» **What the task asks**
Transcribe the listing below in full, exactly, with no images.

» **Stored data**
-----

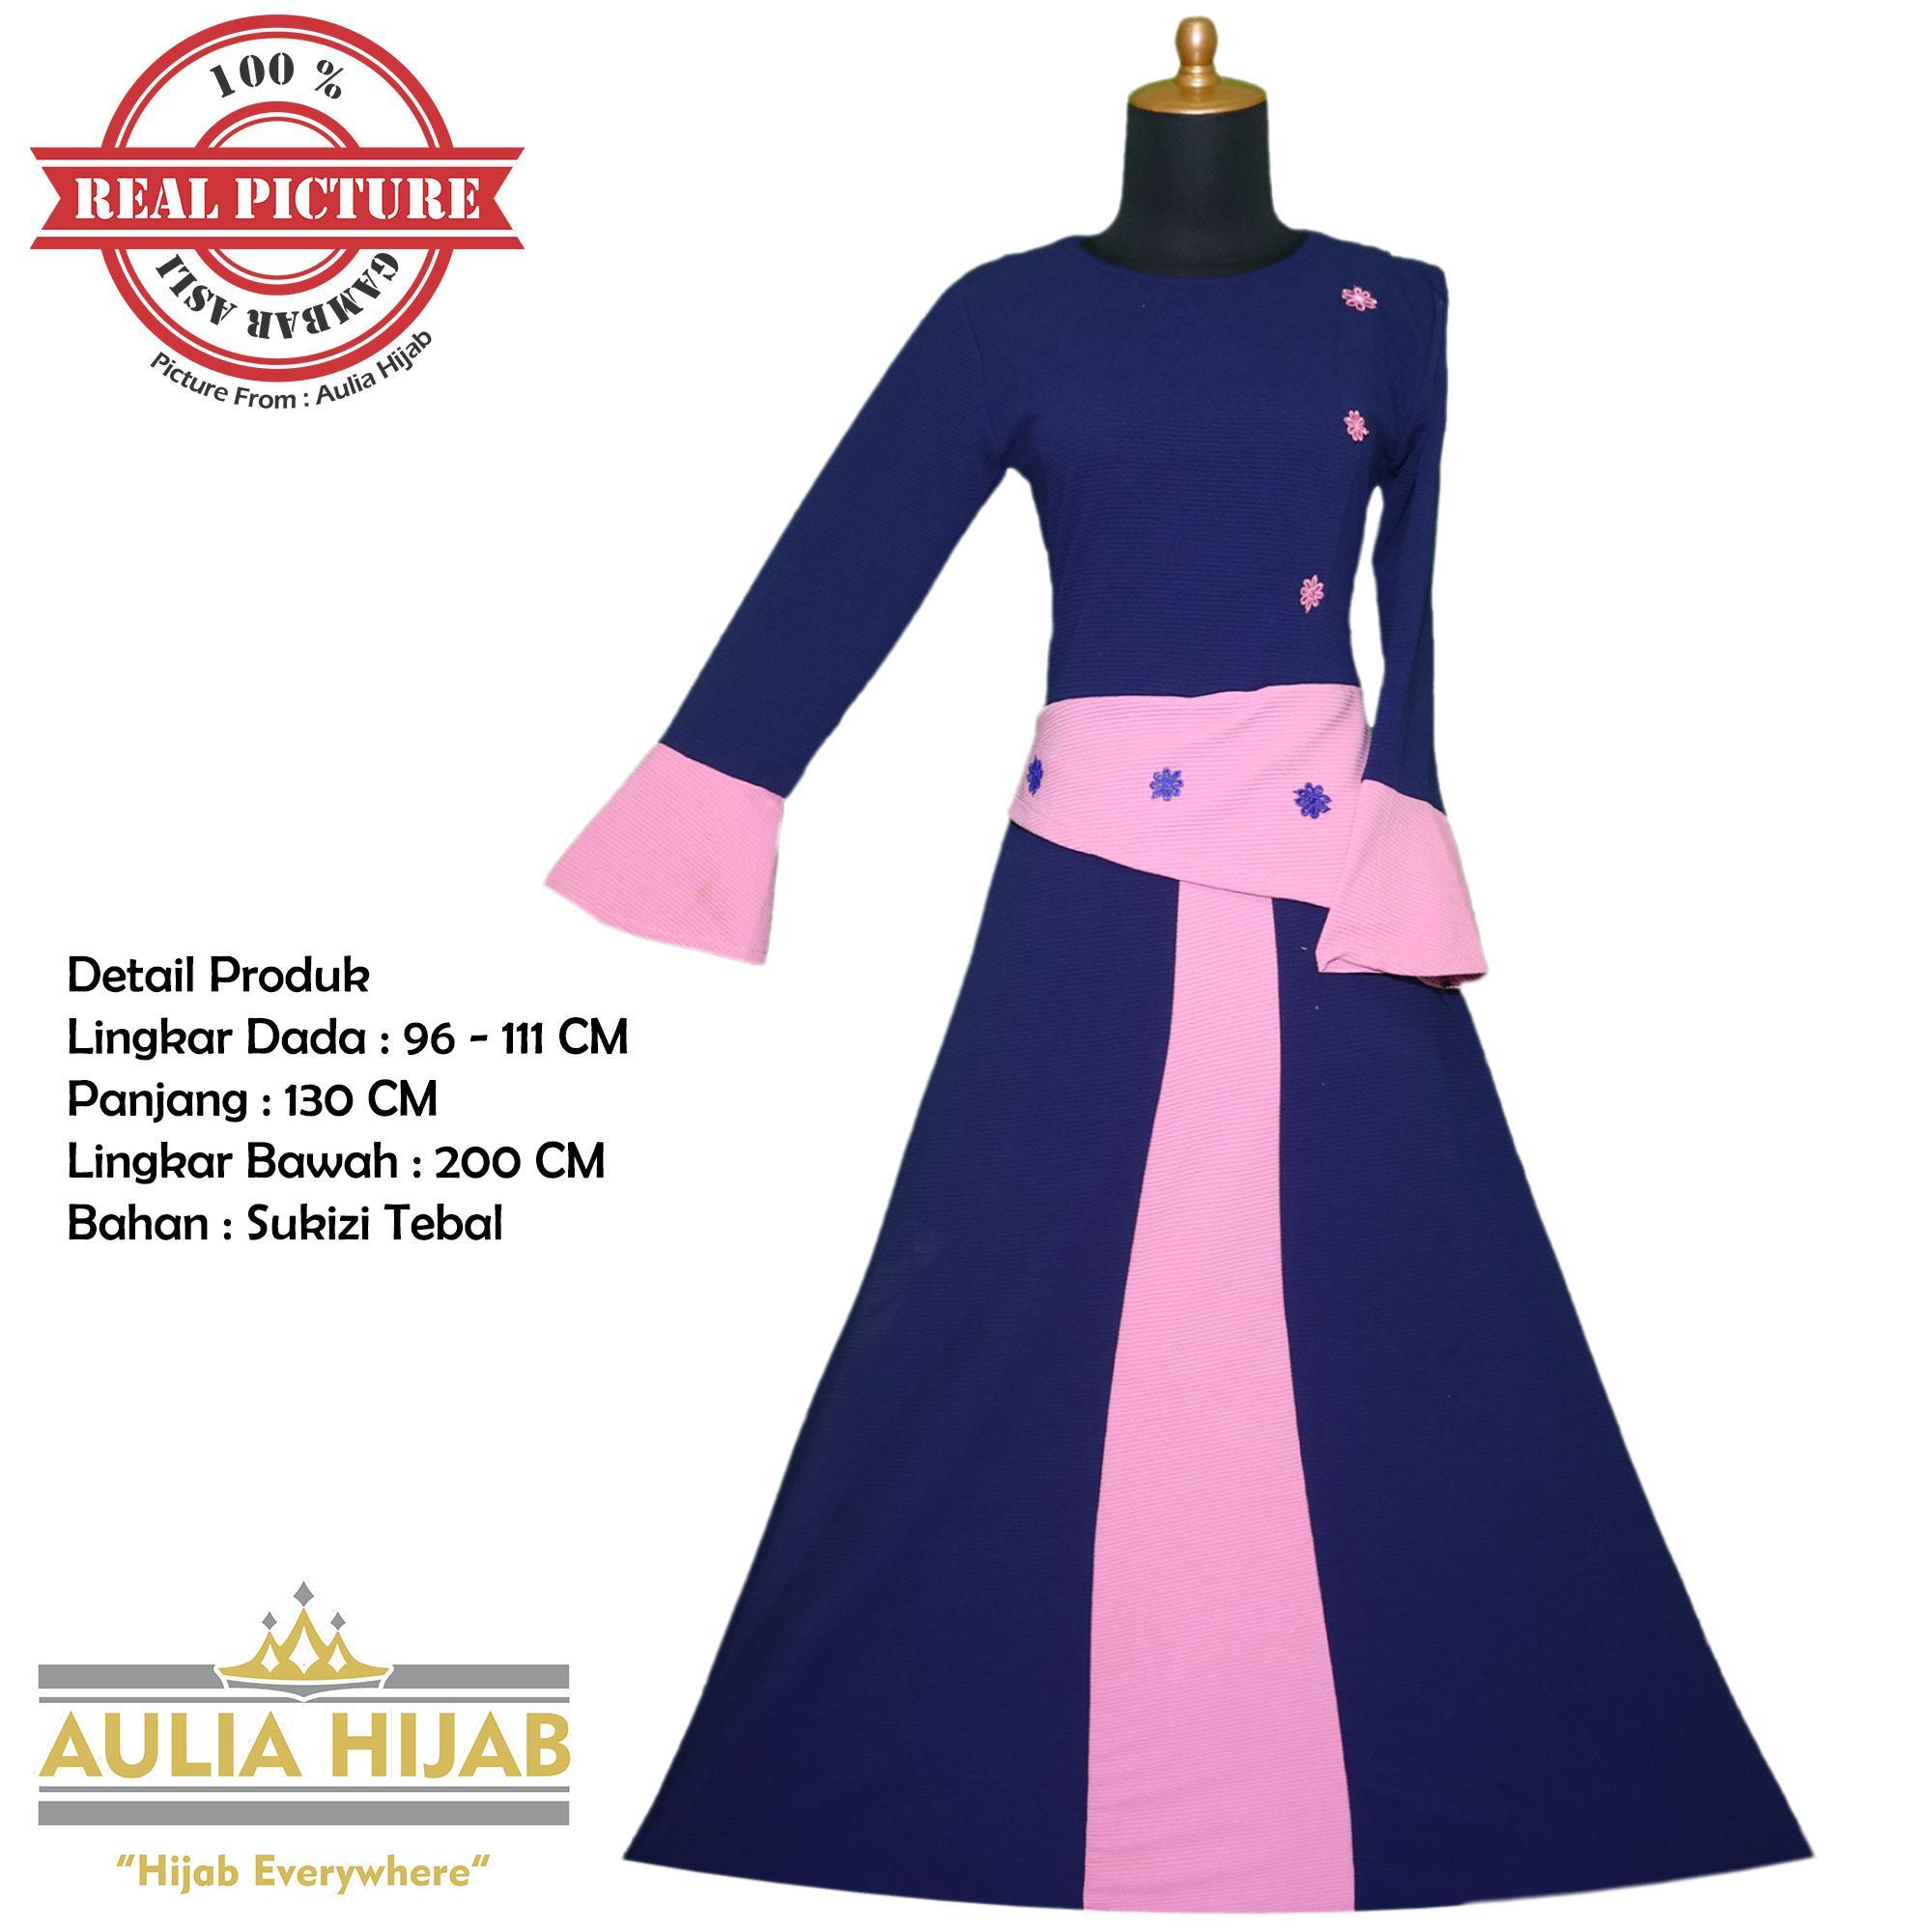 Aulia Hijab - Gamis Sabrina Dress Bahan Sukizi Tebal Premium/Gamis Sukizi/Gamis Kaos/Gamis Murah/Gamis Bahan Tebal/Gamis Polos/Gamis Kerja/Gamis Lebaran/Gamis Terbaru/Gamis Mewah/Gamis Best Seller
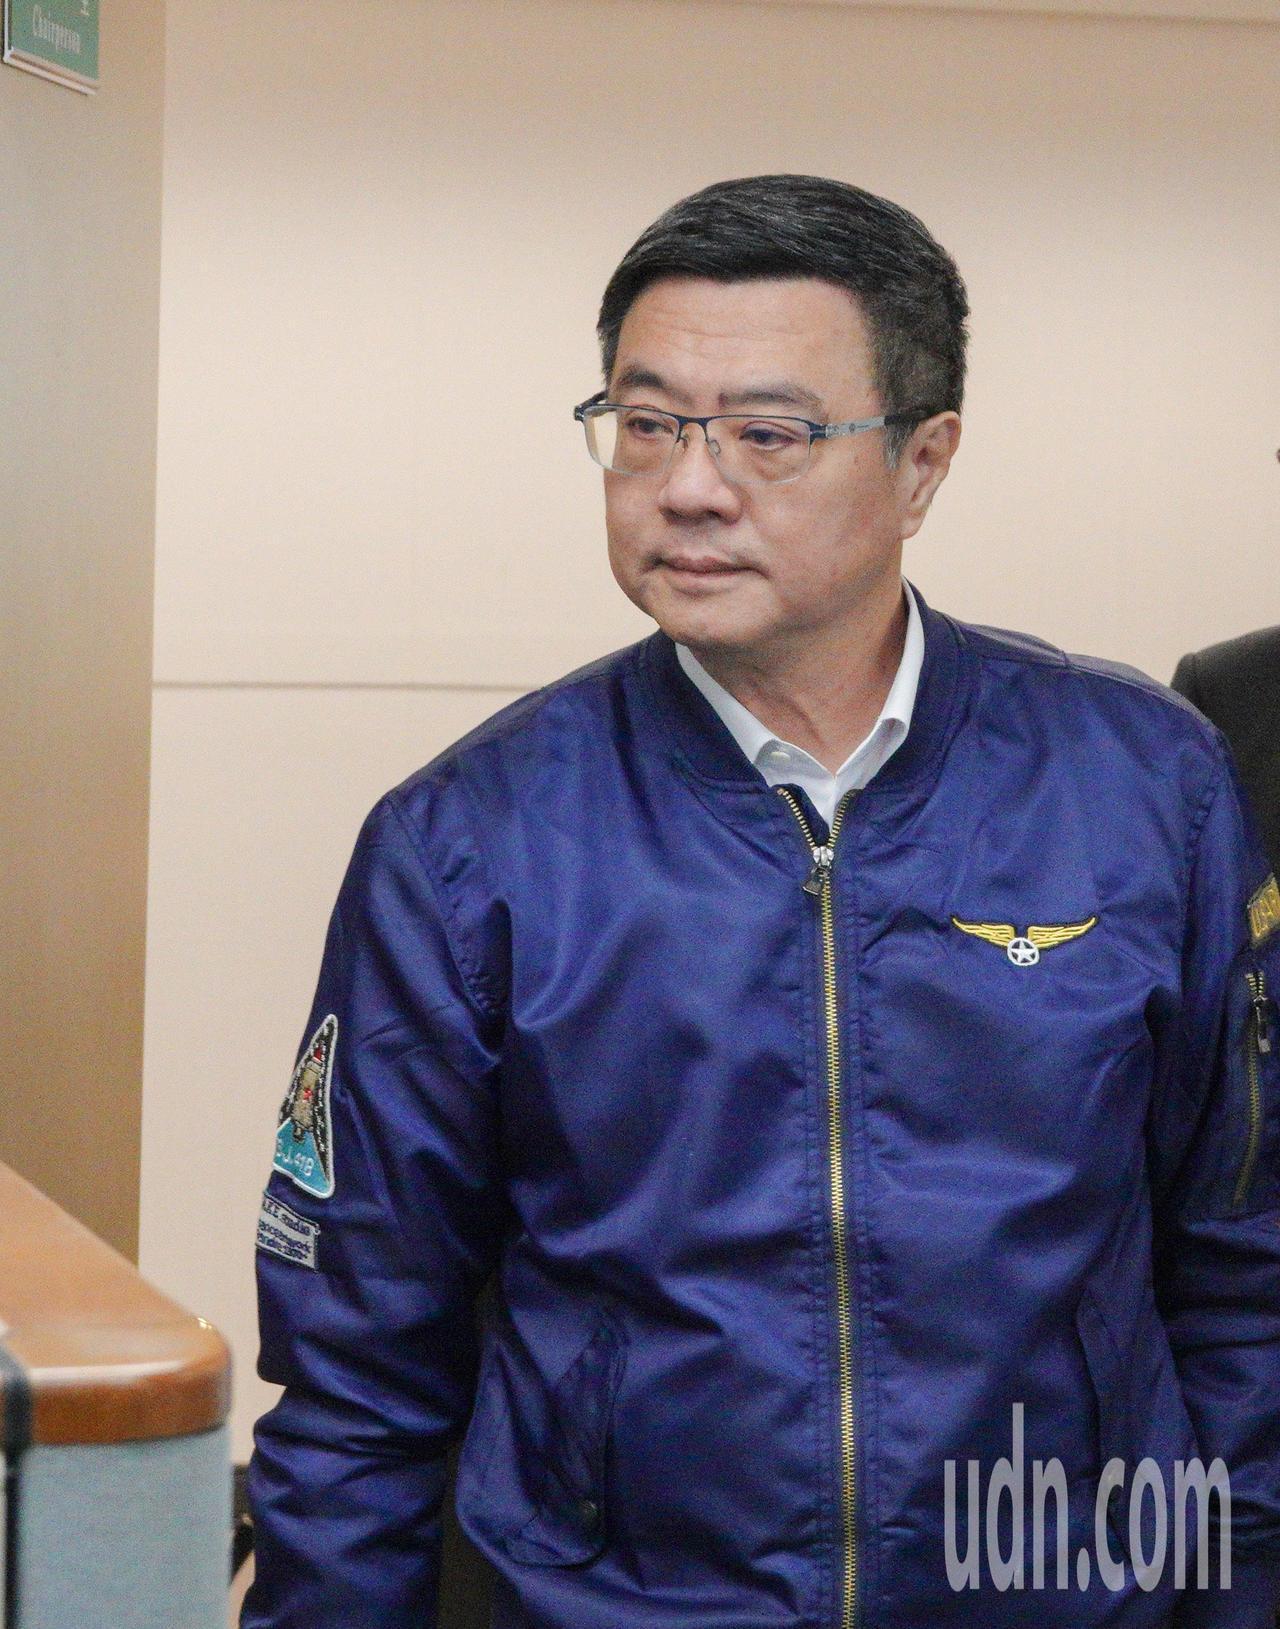 民進黨黨內總統初選合作瀕臨破局,民進黨主席卓榮泰針對媒體回應。記者陳柏亨/攝影
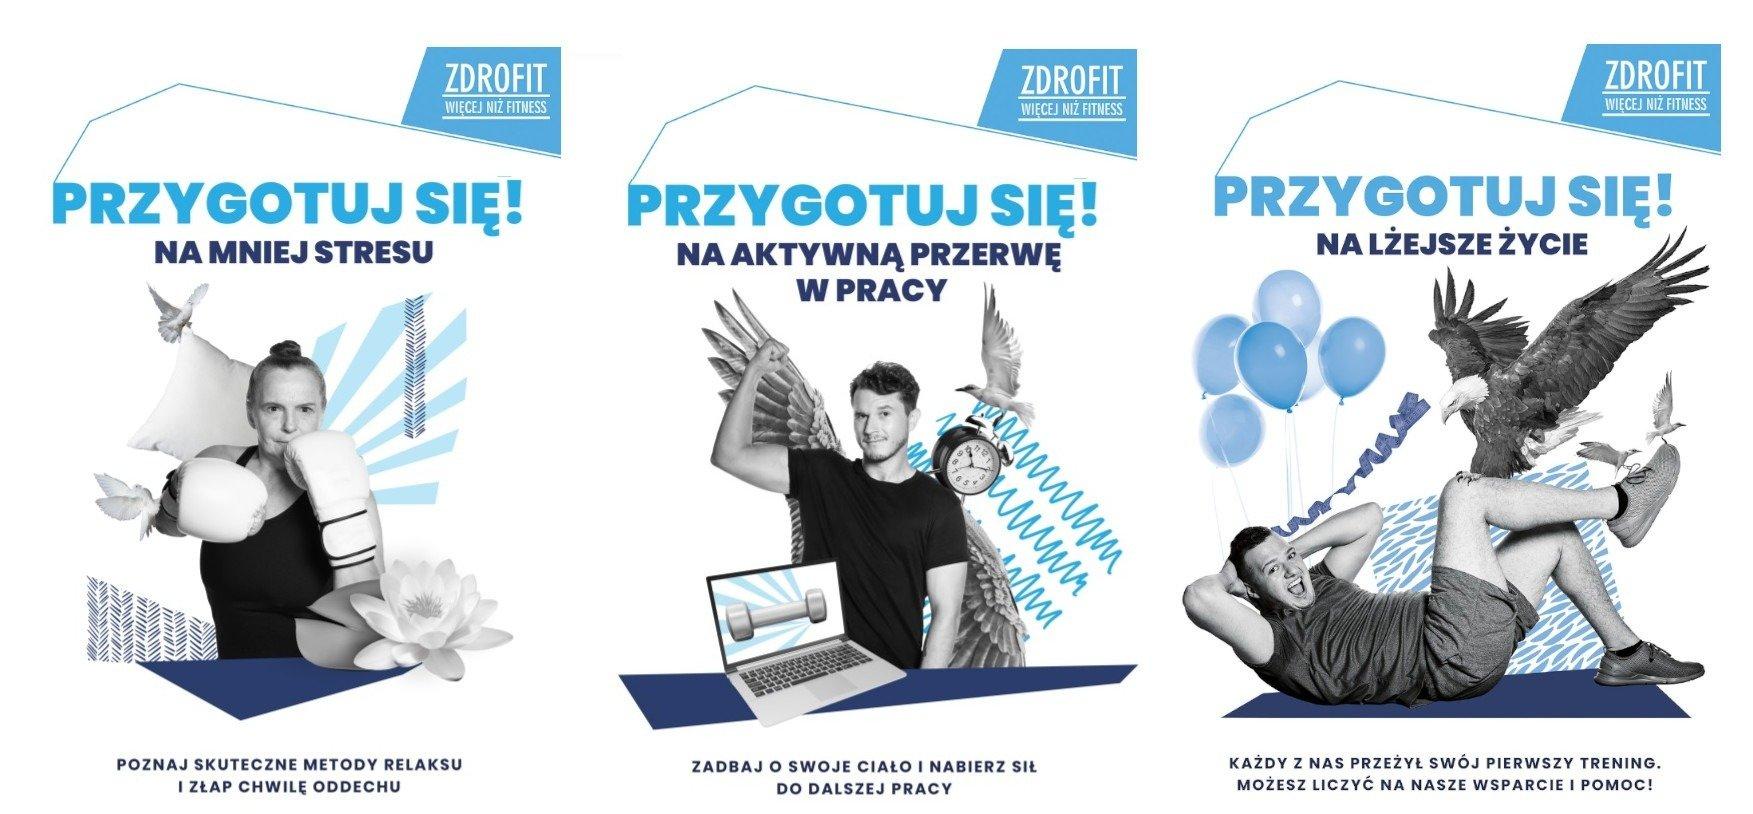 Przygotuj się! Do codziennej aktywności fizycznej zachęca ogólnopolska kampania siedmiu sieci fitness

-----

» **Solution**
 Aulia Hijab - Gamis Sabrina Dress Bahan Sukizi Tebal Premium/Gamis Sukizi/Gamis Kaos/Gamis Murah/Gamis Bahan Tebal/Gamis Polos/Gamis Kerja/Gamis Lebaran/Gamis Terbaru/Gamis Mewah/Gamis Best Seller
 民進黨黨內總統初選合作瀕臨破局,民進黨主席卓榮泰針對媒體回應。記者陳柏亨/攝影
 Przygotuj się! Do codziennej aktywności fizycznej zachęca ogólnopolska kampania siedmiu sieci fitness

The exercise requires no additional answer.